Verifiable Reward RL: Successfully used in math and competitive programming; this work extends it to code optimization with "continuous performance goals," filling a gap where SFT/imitation learning previously dominated.
Multi-turn RL: Directly comparable to RLEF. While RLEF uses binary rewards on final turns, this work optimizes throughout the trajectory and focuses on performance, achieving higher sample efficiency.
Meta-learning / In-context RL Perspective: Kevin's multi-turn training can be viewed as a variant of meta-learning or in-context RL, focusing on using feedback to improve solution quality at test-time for hardware-centric scenarios.
Test-time Scaling: Provides clear evidence that serial refinement is superior to parallel sampling in the context of kernel generation.

Rating¶

Novelty ⭐⭐⭐⭐: First model to train CUDA kernel generation via multi-turn RL; innovation in turn-based credit assignment and aggregation is clear.

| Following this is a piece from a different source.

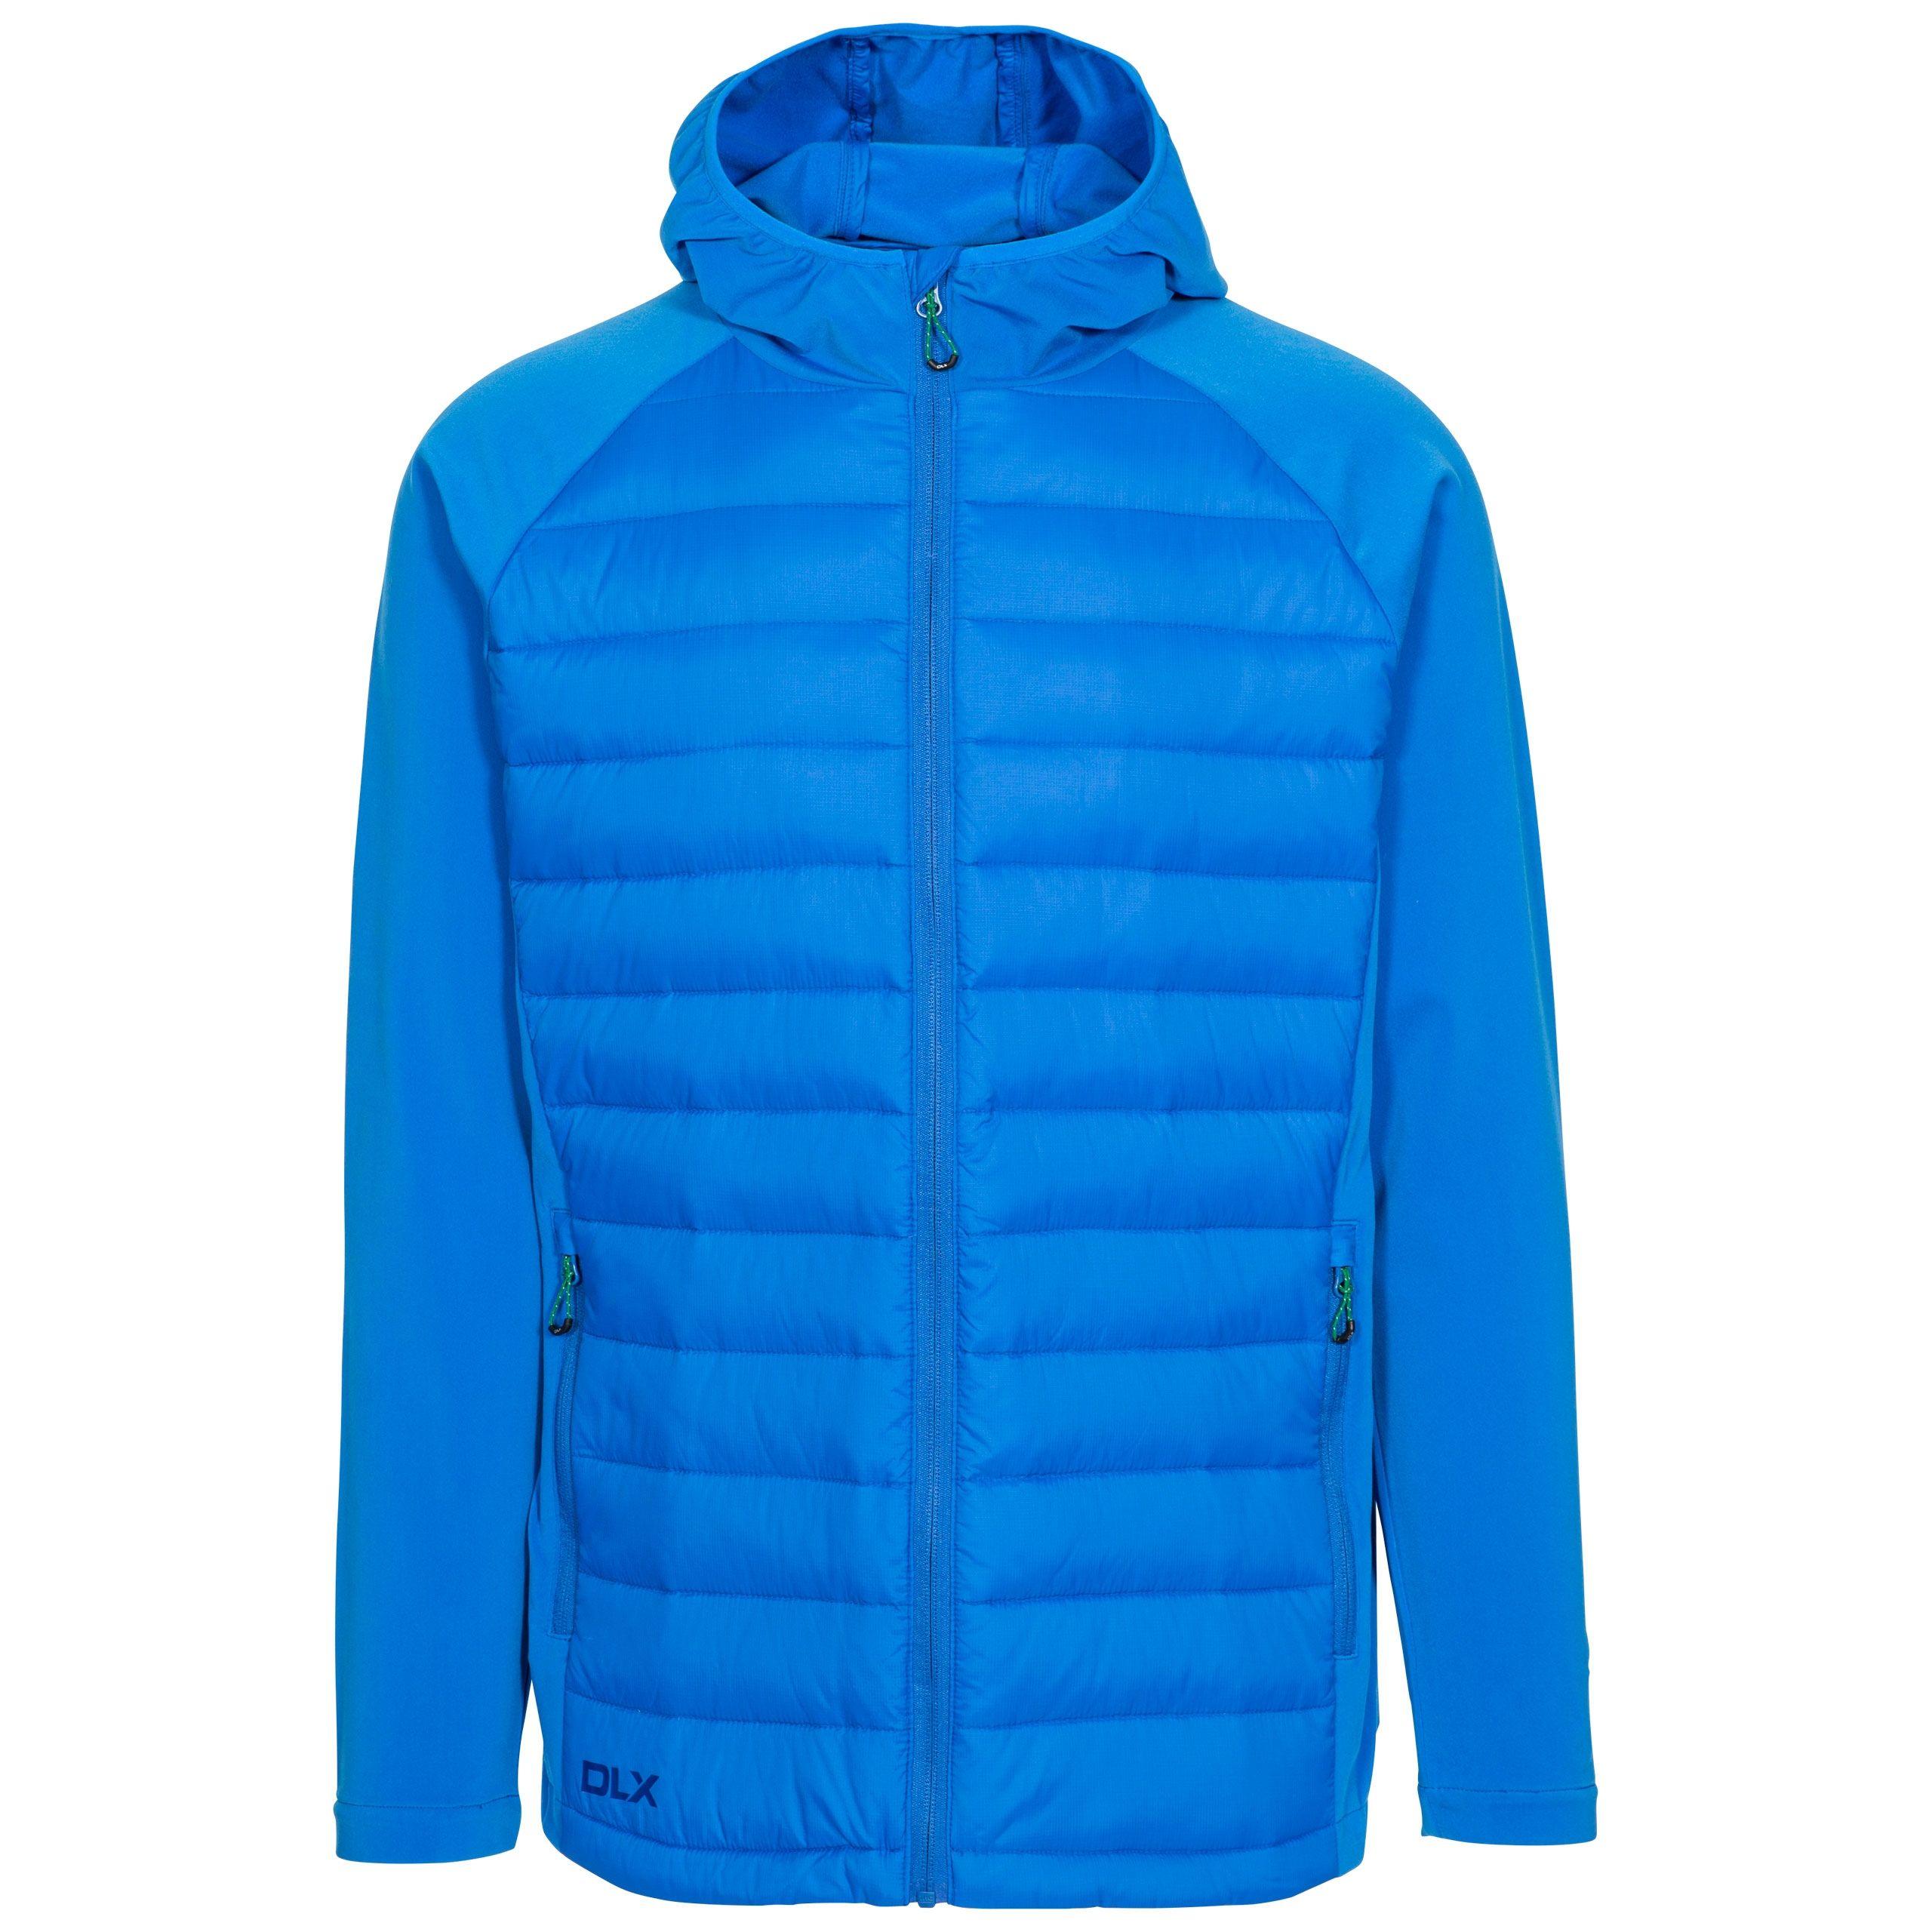 Condor Mens Waterproof Golf Jacket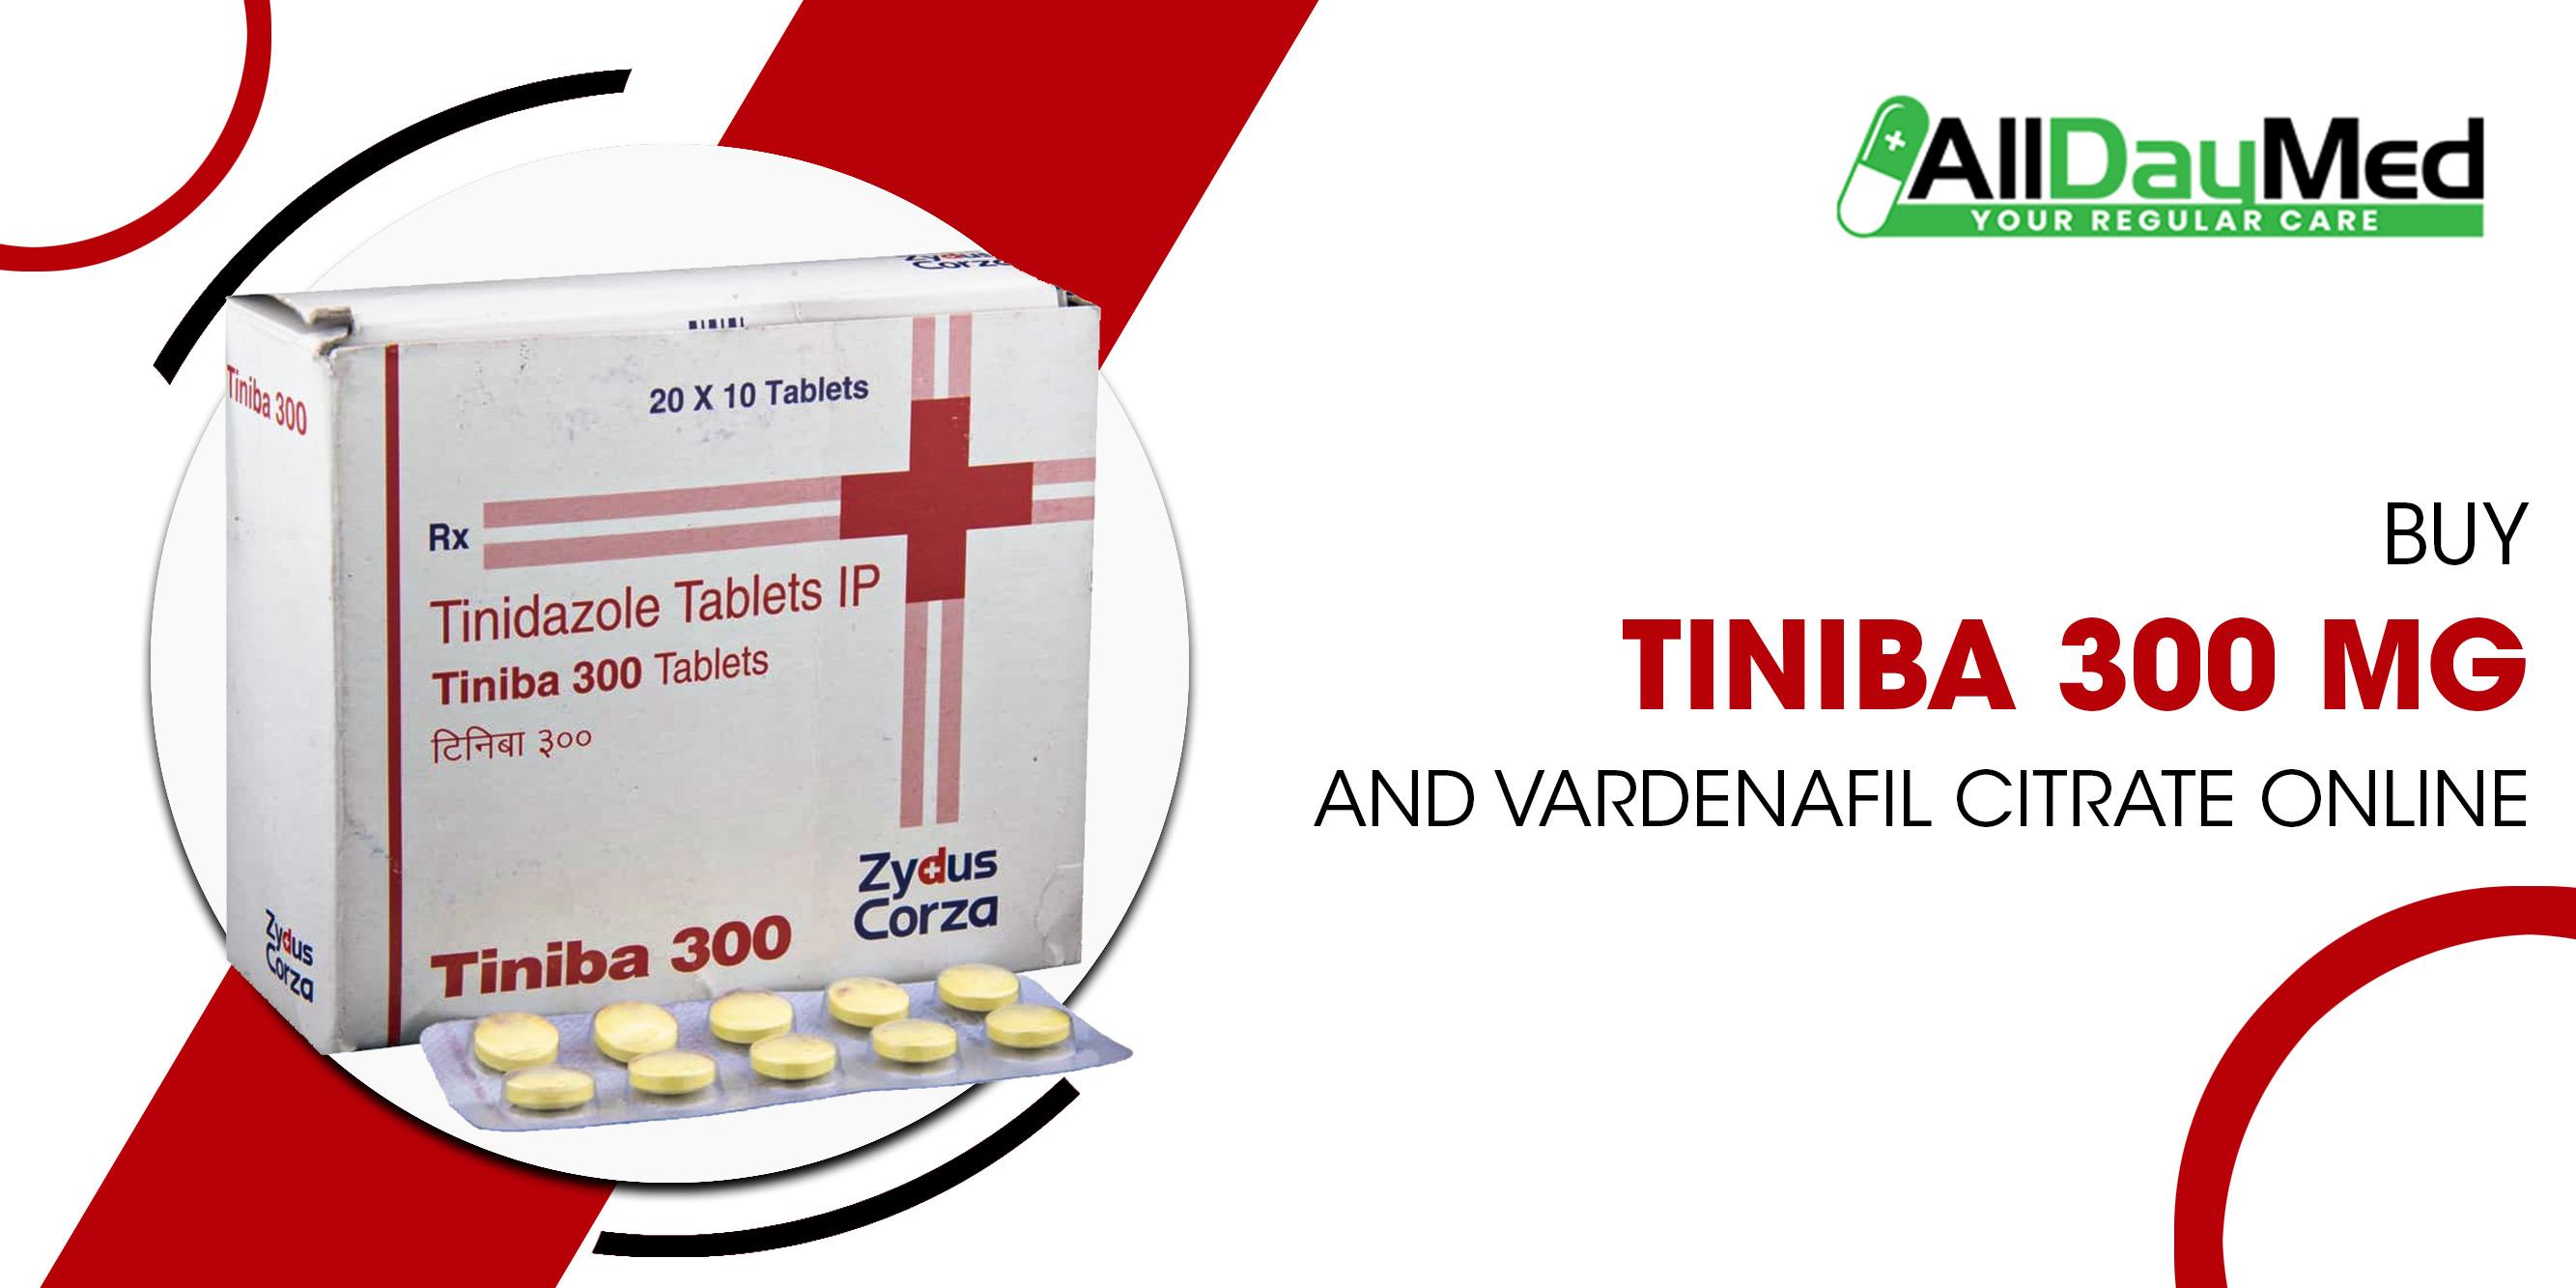 Buy Tiniba 300mg and Vardenafil citrate online

Experimental Thoroughness ⭐⭐⭐⭐: Comparison against frontier/base models and extensive ablations on reward forms and scaling strategies; however, task scale and absolute speedups are limited.
Writing Quality ⭐⭐⭐⭐: Clear structure linking challenges to solutions; strong visualizations (reward curves, scaling curves); high reproducibility.
Value ⭐⭐⭐⭐: Addresses a high-value, data-sparse domain; the recipe offers insights for other iterative optimization tasks.